Materials provided →
━━━━━━━━

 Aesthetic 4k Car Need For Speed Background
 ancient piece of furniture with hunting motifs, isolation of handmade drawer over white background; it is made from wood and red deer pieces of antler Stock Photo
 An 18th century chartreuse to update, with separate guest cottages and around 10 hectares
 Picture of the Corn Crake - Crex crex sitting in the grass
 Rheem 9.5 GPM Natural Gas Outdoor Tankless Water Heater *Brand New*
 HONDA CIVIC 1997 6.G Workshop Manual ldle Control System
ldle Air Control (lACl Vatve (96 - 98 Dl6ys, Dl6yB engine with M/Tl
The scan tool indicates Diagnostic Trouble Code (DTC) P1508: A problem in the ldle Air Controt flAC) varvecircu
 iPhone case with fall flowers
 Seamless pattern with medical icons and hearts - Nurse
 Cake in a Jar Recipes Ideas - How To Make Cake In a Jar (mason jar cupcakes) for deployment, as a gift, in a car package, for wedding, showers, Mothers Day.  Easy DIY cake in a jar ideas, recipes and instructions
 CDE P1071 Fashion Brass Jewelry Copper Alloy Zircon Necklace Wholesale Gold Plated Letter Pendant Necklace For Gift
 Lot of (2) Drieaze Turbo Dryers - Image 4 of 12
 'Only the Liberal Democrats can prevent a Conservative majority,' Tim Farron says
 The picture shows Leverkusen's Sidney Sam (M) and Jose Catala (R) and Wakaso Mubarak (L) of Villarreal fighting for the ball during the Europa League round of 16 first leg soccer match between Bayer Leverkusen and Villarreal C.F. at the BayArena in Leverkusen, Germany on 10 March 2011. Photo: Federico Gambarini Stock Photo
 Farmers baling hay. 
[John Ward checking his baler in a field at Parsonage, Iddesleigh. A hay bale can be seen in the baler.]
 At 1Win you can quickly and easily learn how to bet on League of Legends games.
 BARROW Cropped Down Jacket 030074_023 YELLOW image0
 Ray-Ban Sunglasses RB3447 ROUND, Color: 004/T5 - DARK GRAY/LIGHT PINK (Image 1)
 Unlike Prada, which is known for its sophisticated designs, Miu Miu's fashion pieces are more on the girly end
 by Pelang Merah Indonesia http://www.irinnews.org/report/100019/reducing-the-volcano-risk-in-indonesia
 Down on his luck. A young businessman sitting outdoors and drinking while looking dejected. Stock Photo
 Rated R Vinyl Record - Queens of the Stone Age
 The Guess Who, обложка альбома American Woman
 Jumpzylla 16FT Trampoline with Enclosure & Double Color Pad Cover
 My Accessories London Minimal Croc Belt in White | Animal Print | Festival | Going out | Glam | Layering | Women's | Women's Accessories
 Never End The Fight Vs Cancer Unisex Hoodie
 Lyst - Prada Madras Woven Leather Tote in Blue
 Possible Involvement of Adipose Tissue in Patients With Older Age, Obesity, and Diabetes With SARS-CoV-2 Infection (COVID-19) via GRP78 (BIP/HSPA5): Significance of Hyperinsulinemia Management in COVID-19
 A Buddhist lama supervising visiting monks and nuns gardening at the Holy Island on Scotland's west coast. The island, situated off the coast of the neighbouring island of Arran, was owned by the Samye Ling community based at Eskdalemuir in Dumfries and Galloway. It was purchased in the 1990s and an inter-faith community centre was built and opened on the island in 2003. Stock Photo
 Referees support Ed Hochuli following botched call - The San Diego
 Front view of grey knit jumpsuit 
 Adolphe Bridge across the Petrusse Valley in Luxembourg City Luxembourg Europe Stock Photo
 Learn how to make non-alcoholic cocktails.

━━━━━━━━

What this task involves →
Where does "ldle" appear in the records above? Copy each line that holds it.

Answer box →
 HONDA CIVIC 1997 6.G Workshop Manual ldle Control System
ldle Air Control (lACl Vatve (96 - 98 Dl6ys, Dl6yB engine with M/Tl
The scan tool indicates Diagnostic Trouble Code (DTC) P1508: A problem in the ldle Air Controt flAC) varvecircu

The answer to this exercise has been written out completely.